Write out the lines below once more, exactly as they appear. Do not include pictures.
[Opening Exercise data section]
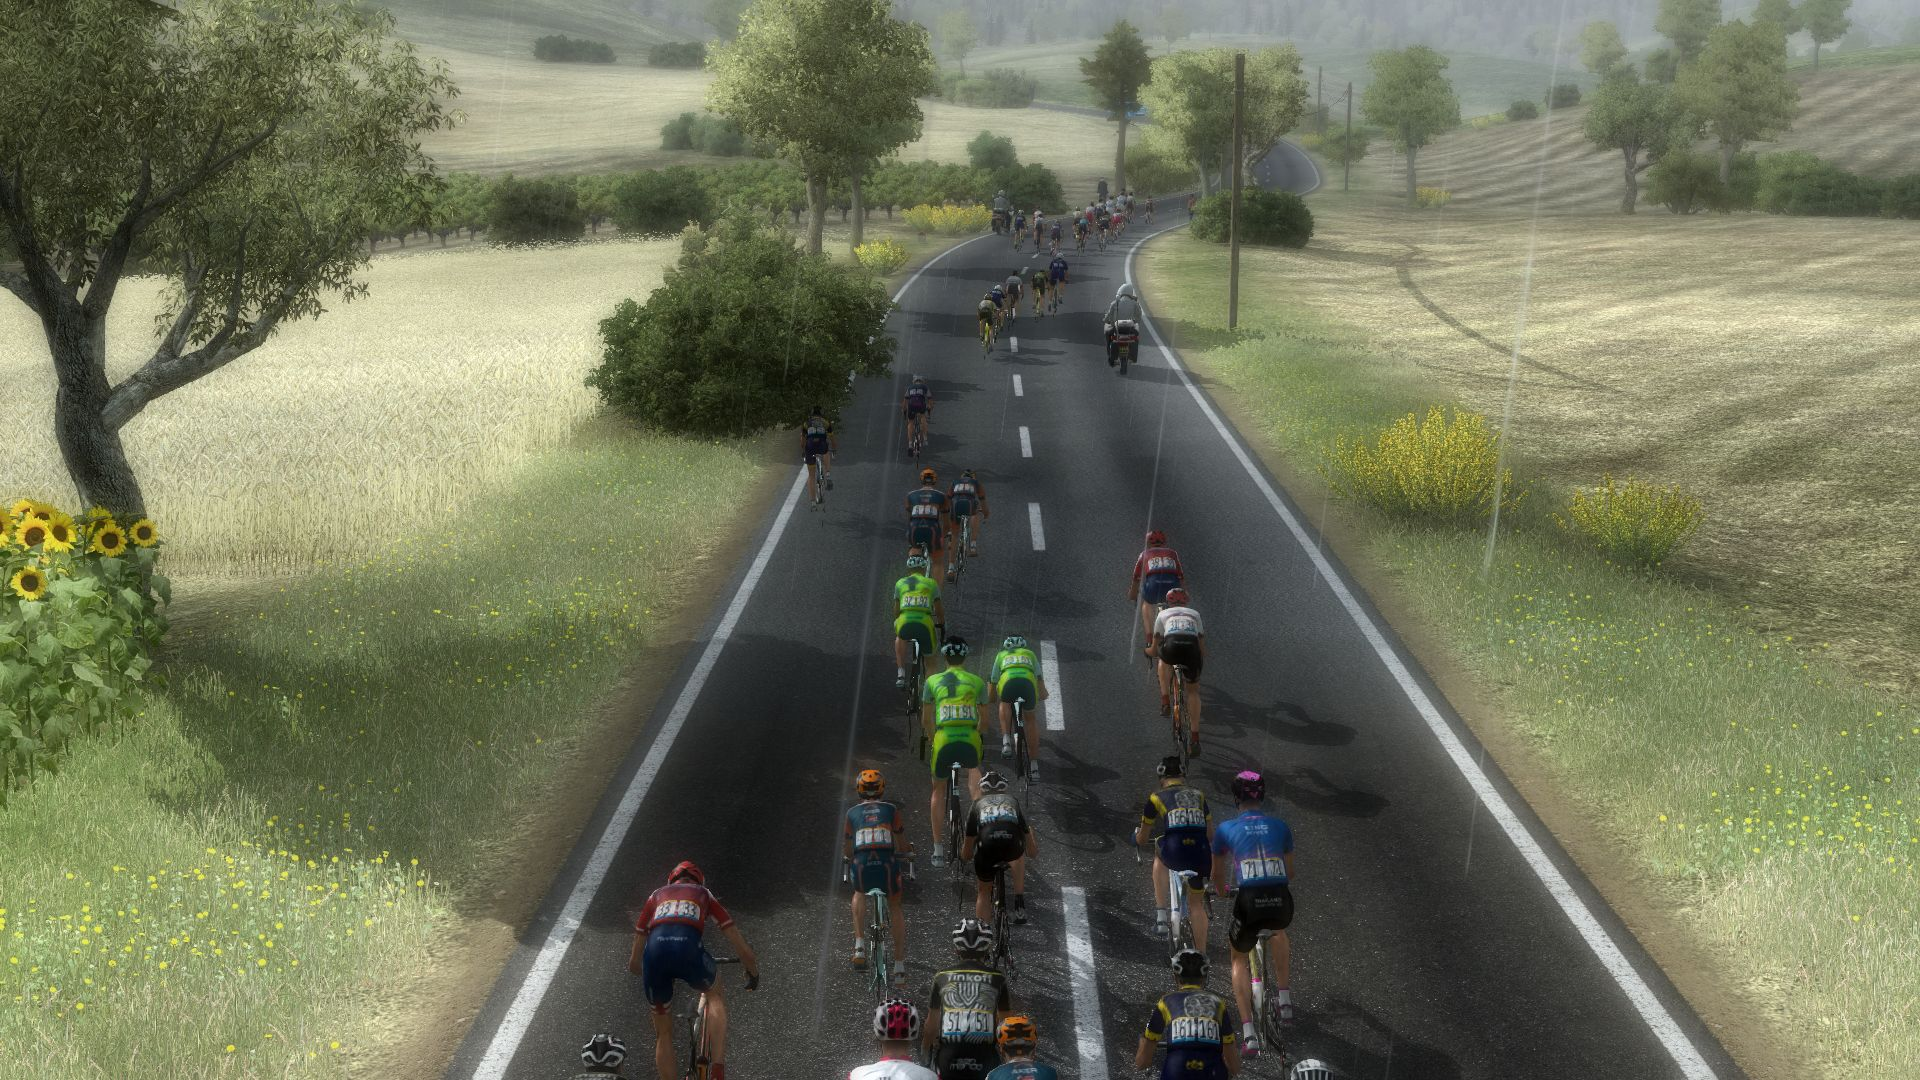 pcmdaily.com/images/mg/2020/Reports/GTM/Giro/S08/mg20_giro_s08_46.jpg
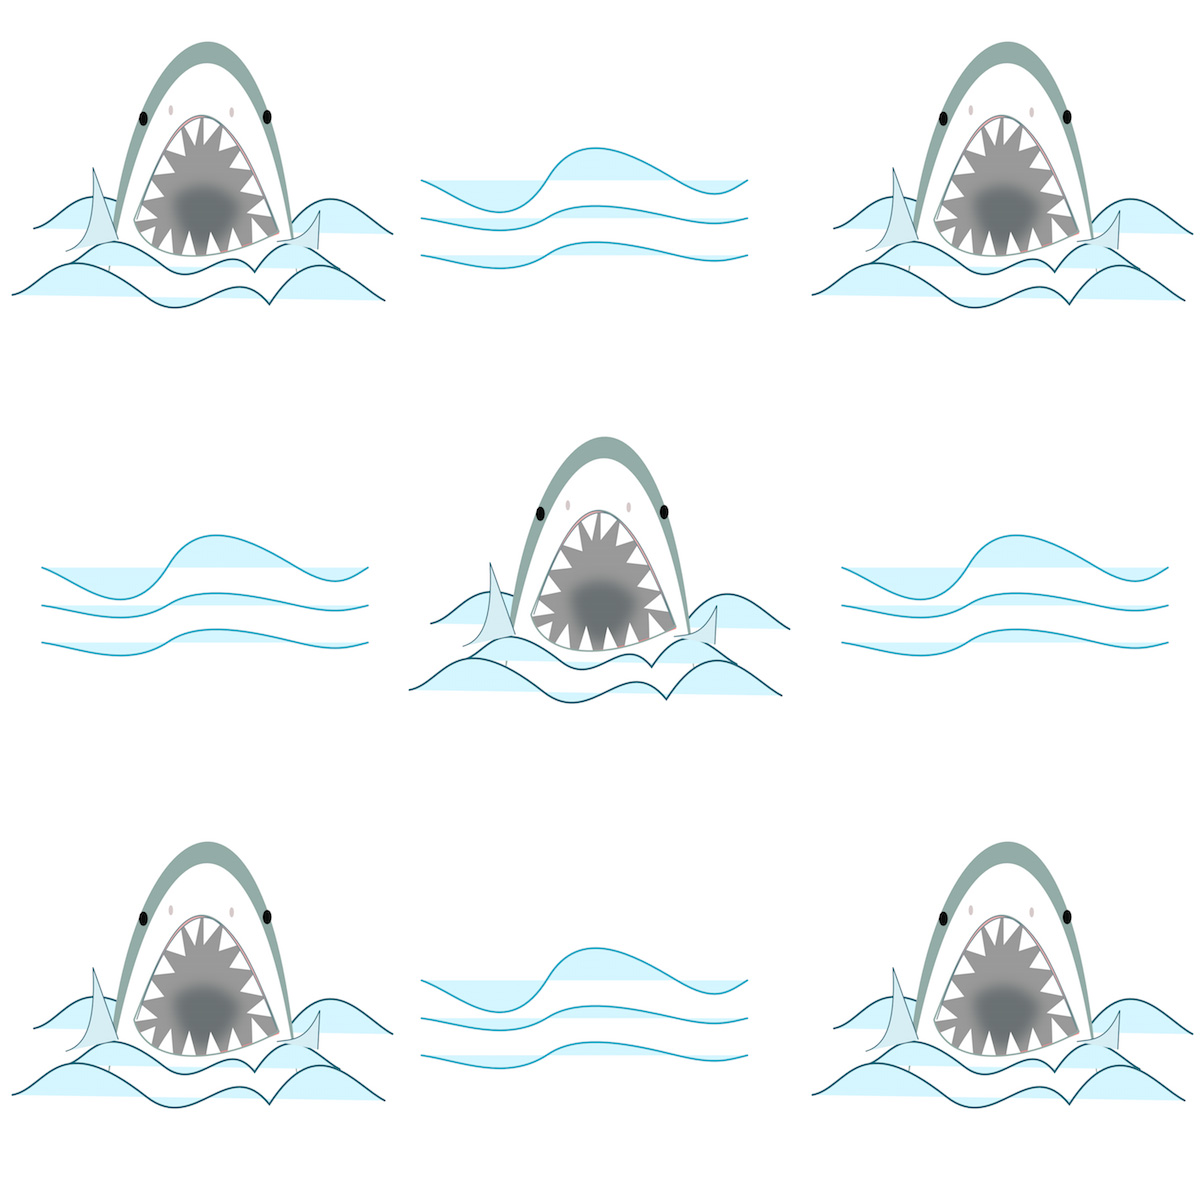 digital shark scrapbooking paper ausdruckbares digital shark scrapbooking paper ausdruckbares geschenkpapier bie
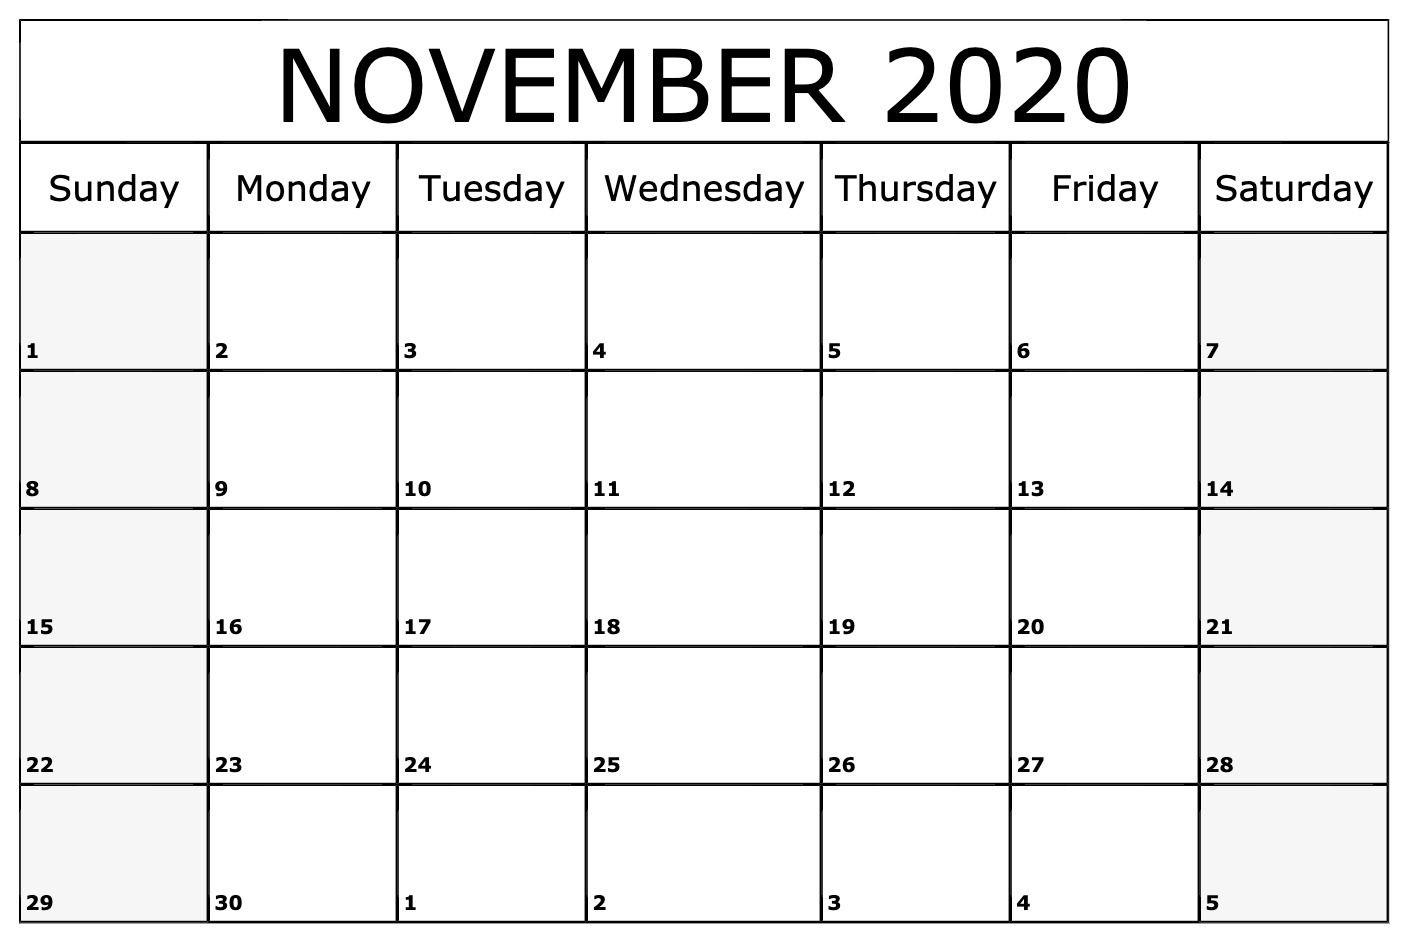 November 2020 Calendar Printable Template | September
[Closing Exercise data section]
Your response:
 pcmdaily.com/images/mg/2020/Reports/GTM/Giro/S08/mg20_giro_s08_46.jpg
 digital shark scrapbooking paper ausdruckbares digital shark scrapbooking paper ausdruckbares geschenkpapier bie
 November 2020 Calendar Printable Template | September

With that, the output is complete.